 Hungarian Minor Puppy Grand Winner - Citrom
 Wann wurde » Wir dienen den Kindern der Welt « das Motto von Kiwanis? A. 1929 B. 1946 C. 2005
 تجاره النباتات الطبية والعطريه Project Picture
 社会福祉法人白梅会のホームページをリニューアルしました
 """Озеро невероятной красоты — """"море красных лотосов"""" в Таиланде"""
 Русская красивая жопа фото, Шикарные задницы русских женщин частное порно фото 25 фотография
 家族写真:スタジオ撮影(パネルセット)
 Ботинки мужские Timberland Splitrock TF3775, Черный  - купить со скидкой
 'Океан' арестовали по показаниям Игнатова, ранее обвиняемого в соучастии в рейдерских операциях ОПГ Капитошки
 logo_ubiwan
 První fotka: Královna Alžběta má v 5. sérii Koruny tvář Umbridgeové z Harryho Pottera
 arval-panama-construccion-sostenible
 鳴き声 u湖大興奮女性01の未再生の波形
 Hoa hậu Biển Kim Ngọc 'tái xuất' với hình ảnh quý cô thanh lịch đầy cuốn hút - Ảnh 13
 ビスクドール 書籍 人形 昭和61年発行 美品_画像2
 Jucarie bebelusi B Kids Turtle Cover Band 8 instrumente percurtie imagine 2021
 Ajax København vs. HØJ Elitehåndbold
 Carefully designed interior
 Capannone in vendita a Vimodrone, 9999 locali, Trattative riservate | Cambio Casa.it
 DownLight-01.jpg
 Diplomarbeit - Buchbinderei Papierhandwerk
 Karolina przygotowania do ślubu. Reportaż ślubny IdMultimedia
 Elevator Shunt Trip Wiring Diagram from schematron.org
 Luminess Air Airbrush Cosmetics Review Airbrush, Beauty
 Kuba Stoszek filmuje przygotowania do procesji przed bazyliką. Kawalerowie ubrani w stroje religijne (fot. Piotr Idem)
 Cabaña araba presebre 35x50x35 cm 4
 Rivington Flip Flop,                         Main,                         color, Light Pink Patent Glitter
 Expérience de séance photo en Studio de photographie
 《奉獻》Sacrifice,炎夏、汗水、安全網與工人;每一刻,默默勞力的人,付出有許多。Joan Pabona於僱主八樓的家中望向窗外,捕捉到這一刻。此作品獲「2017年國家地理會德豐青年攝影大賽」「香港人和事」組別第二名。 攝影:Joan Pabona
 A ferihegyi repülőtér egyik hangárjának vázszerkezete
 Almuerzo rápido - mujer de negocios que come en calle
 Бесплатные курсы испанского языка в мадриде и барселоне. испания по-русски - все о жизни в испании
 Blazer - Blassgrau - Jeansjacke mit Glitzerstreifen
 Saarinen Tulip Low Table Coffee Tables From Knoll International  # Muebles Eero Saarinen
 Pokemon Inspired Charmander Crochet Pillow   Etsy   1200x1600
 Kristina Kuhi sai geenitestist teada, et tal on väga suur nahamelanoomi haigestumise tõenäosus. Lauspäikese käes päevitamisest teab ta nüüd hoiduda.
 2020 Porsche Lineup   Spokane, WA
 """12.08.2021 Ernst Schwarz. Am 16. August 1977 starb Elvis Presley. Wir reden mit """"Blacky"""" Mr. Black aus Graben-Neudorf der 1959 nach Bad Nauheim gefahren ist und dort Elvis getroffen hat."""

++++++++++++++++++++

* [EXERCISE]: Everything from the first line of the records above through the line containing "社会福祉法人白梅会のホームページをリニューアルしました" should be restated word for word; leave out all other lines.

* [RESPONSE TO THE TASK]:
 Hungarian Minor Puppy Grand Winner - Citrom
 Wann wurde » Wir dienen den Kindern der Welt « das Motto von Kiwanis? A. 1929 B. 1946 C. 2005
 تجاره النباتات الطبية والعطريه Project Picture
 社会福祉法人白梅会のホームページをリニューアルしました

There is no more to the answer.